GATK4: Print Reads

Gatk4PrintReads · 1 contributor · 4 versions

Write reads from SAM format file (SAM/BAM/CRAM) that pass criteria to a new file. A common use case is to subset reads by genomic interval using the -L argument. Note when applying genomic intervals, the tool is literal and does not retain mates of paired-end reads outside of the interval, if any. Data with missing mates will fail ValidateSamFile validation with MATE_NOT_FOUND, but certain tools may still analyze the data. If needed, to rescue such mates, use either FilterSamReads or ExtractOriginalAlignmentRecordsByNameSpark.

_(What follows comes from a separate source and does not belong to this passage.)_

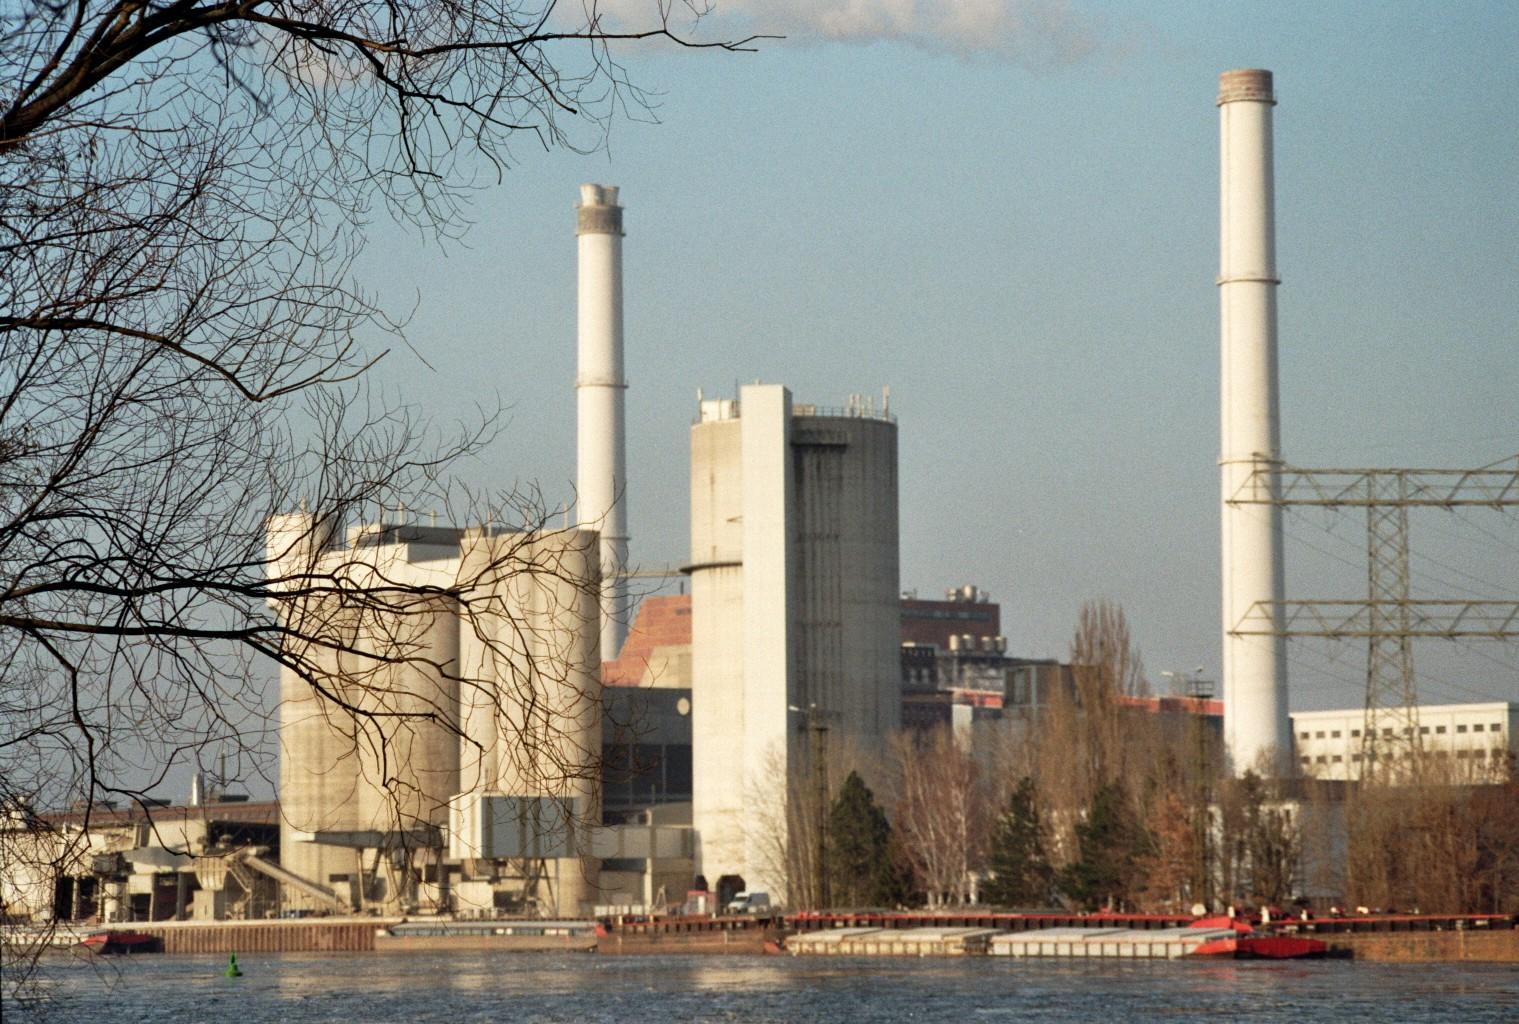 Heizkraftwerk Klingenberg Rummelsburg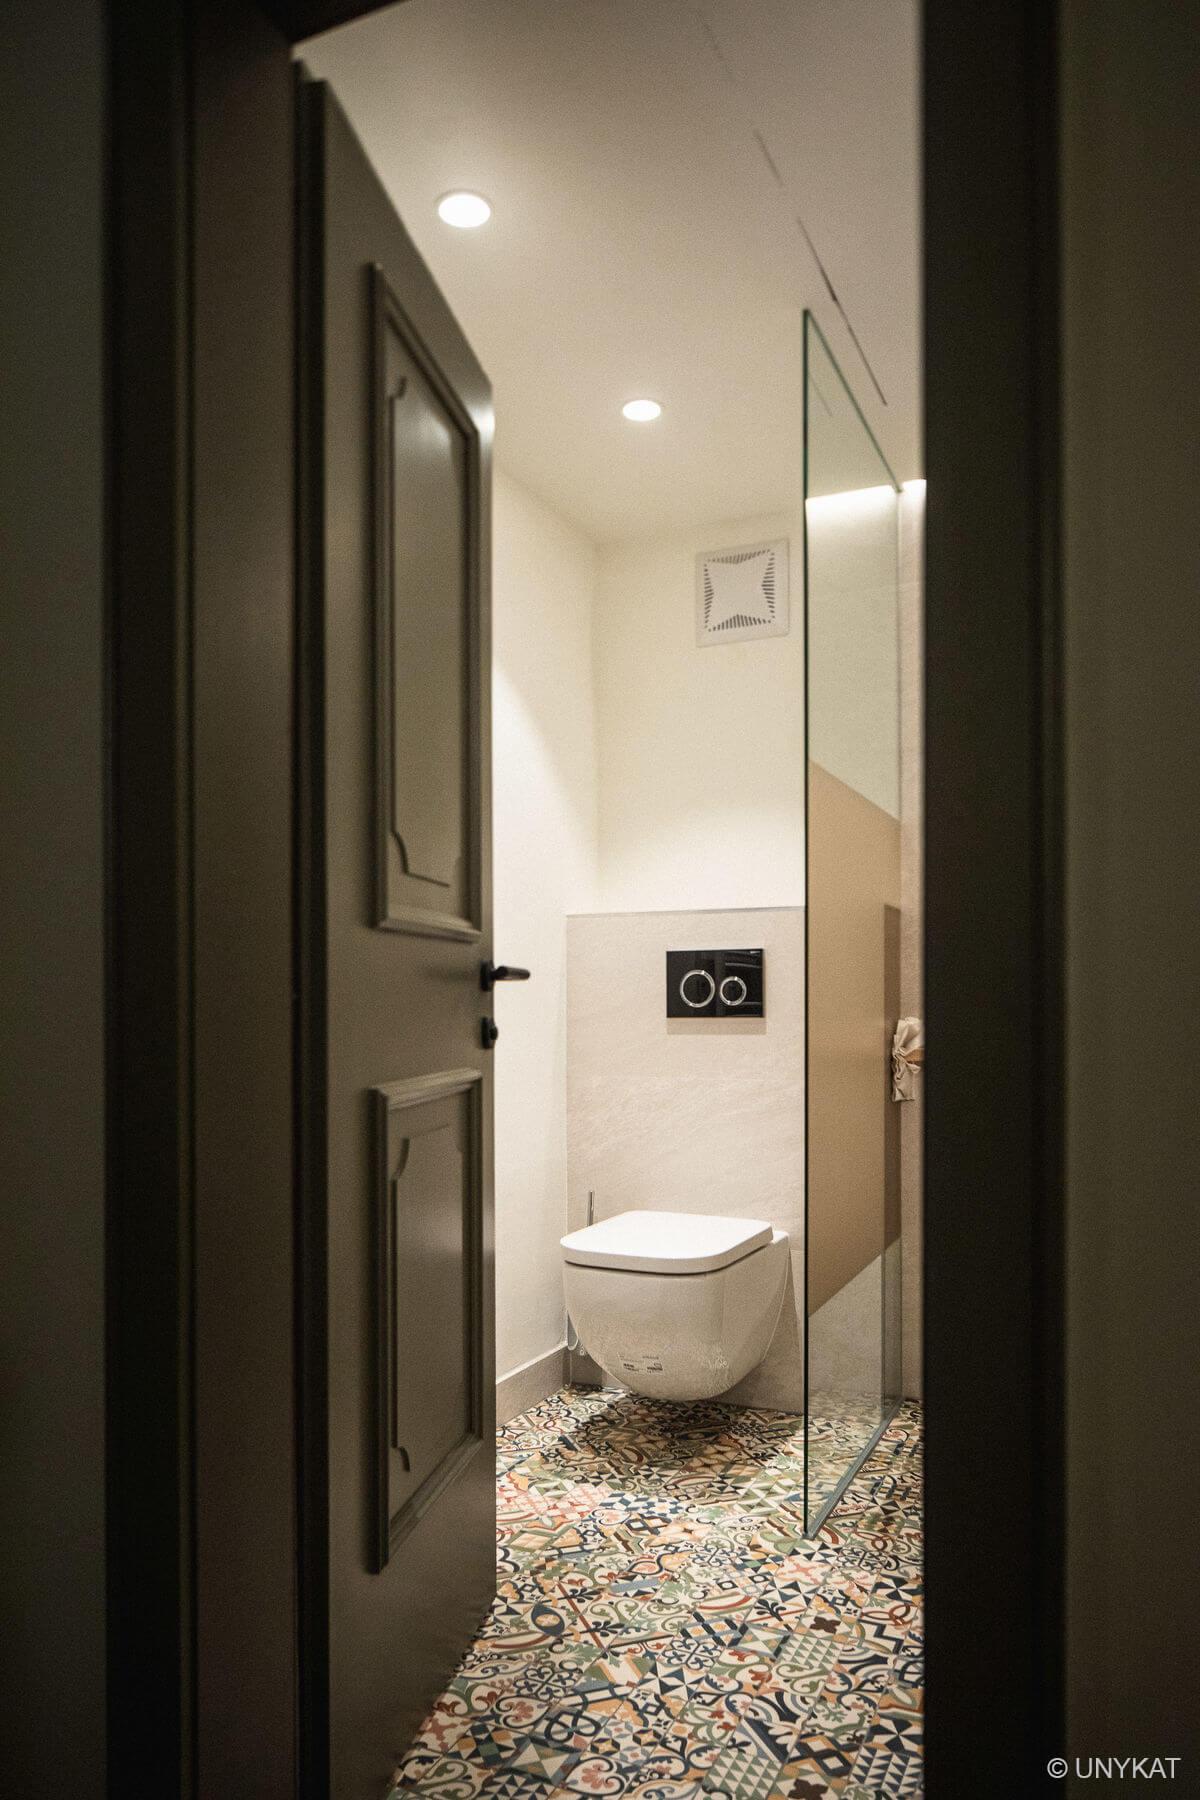 hotelausstattung-hoteleinrichtungen-bachhuber-Hotel-Gmachl2

By default, PrintReads applies the WellformedReadFilter at the engine level. What this means is that the tool does not print reads that fail the WellformedReadFilter filter. You can similarly apply other engine-level filters to remove specific types of reads with the –read-filter argument. See documentation category ‘Read Filters’ for a list of

available filters. To keep reads that do not pass the WellformedReadFilter, either disable the filter with –disable-read-filter or disable all default filters with --disable-tool-default-read-filters.

The reference is strictly required when handling CRAM files.

Quickstart

from janis_bioinformatics.tools.gatk4.printreads.versions import Gatk4PrintReads_4_1_4

wf = WorkflowBuilder("myworkflow")

wf.step(
    "gatk4printreads_step",
    Gatk4PrintReads_4_1_4(
        bam=None,
    )
)
wf.output("out", source=gatk4printreads_step.out)

OR

  1. Install Janis
  2. Ensure Janis is configured to work with Docker or Singularity.
  3. Ensure all reference files are available:

Note

More information about these inputs are available below.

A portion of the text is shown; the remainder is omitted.